Tautan-tautan Akses

Myanmar Akan Peringati Satu Tahun Kudeta Berdarah di Bawah Kekuasaan Militer


Kepala junta Myanmar Jenderal Senior Min Aung Hlaing memimpin parade tentara pada Hari Angkatan Bersenjata di Naypyitaw, Myanmar, 27 Maret 2021. (REUTERS/Stringer).
Kepala junta Myanmar Jenderal Senior Min Aung Hlaing memimpin parade tentara pada Hari Angkatan Bersenjata di Naypyitaw, Myanmar, 27 Maret 2021. (REUTERS/Stringer).

Myanmar, Selasa (31/1) akan memperingati satu tahun kudeta militer 1 Februari 2021 di tengah-tengah meningkatnya korban tewas dan pengungsi akibat pertempuran antara pasukan junta dan gerakan perlawanan bersenjata yang menentang kontrol negara sepenuhnya oleh rezim itu.

Para pengamat menyatakan tahun lalu telah membuat Myanmar mundur satu dekade atau lebih dan bahwa mereka tidak melihat negara itu keluar dari krisis dalam waktu dekat sementara kedua pihak bertahan sikap.

“Hanya satu hal yang lebih buruk daripada kediktatoran militer yang brutal, dan itu adalah kediktatoran militer yang brutal yang tidak sepenuhnya berkuasa, dan itulah yang pada dasarnya ada di Myanmar,” kata Hervé Lemahieu, direktur riset dan analis mengenai Myanmar di Lowy Institute, Australia.

Dengan pandemi COVID-19, PBB menyatakan gejolak di negara itu akan mendorong hampir setengah dari 55 juta warga Myanmar ke dalam kemiskinan pada awal tahun ini, keadaan yang tidak pernah terlihat sejak 2005. “Ini adalah pembangunan yang hilang selama sedikitnya satu dekade, mungkin satu generasi yang hilang,” kata Lemahieu.

Setelah puluhan tahun pemerintahan milter, para jenderal Myanmar mulai melakukan serangkaian reformasi demokrasi pada tahun 2011, tetapi kemudian mengambil alih negara sepenuhnya dari pemerintahan sipil yang populer dan terpilih secara demokratis pada tahun lalu. Para jenderal mengklaim, tanpa bukti, bahwa pemilu 2020, di mana partai yang mewakilinya kalah telak dari Liga Nasional untuk Demokrasi yang berkuasa, penuh dengan kecurangan.

Protes massal menyusul, dengan tentara dan polisi menembak mati ratusan warga sipil serta menangkap ribuan orang. Ini memicu perlawanan bersenjata dari milisi lokal di berbagai penjuru negeri, sebagian kini bergabung dengan kelompok-kelompok pemberontak etnis minoritas yang telah lebih dulu ada dan bersenjata lengkap yang menguasai wilayah di daerah perbatasan.

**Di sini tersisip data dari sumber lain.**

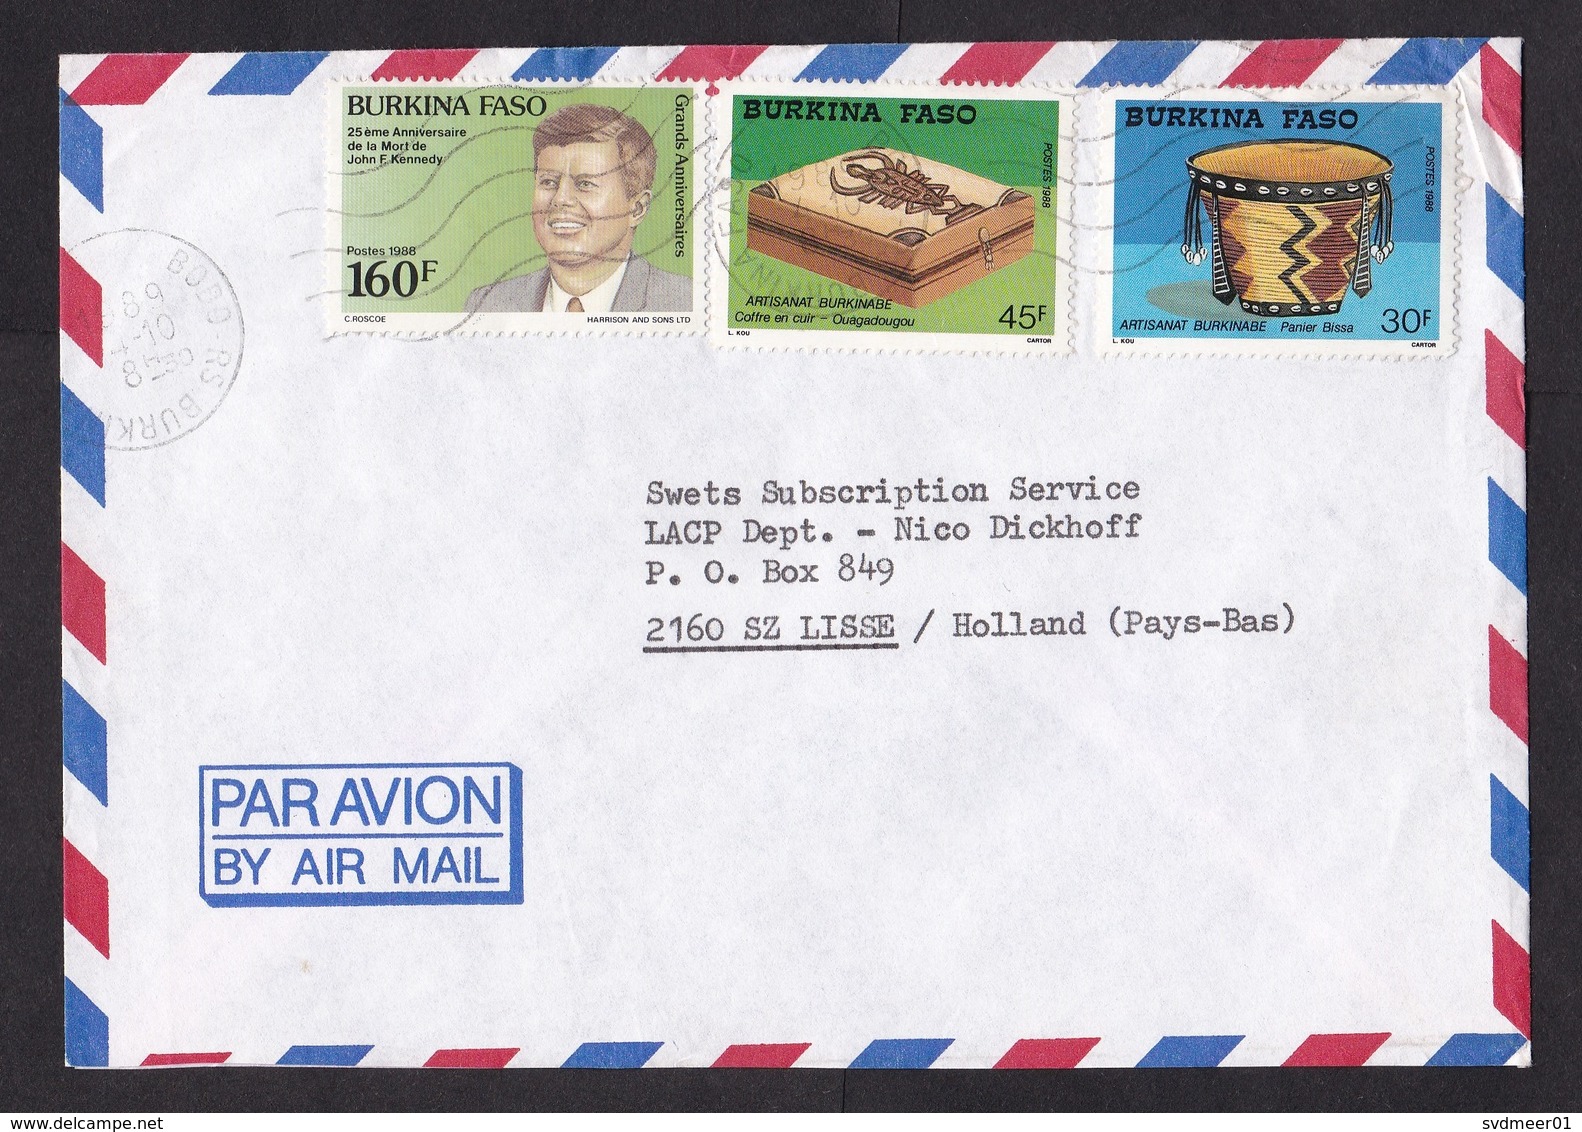 Burkina Faso: Airmail Cover To Netherlands, 1989, 3 Stamps, JFK, Kennedy, Wood Crafts, Rare Real Use (traces Of Use) - Burkina Faso (1984-...)

Selama satu tahun protes dan pertempuran, pasukan junta telah menewaskan sekitar 1.500 warga sipil, menurut Asosiasi Bantuan untuk Tahanan Politik (AAPP), organisasi HAM yang berbasis di negara tetangga, Thailand. Organisasi itu mengatakan junta juga telah menangkap lebih dari 11.800 politisi, tenaga layanan kesehatan, wartawan, aktivis dan lain-lainnya, sebagian dikabarkan dianiaya dan dibunuh dalam tahanan.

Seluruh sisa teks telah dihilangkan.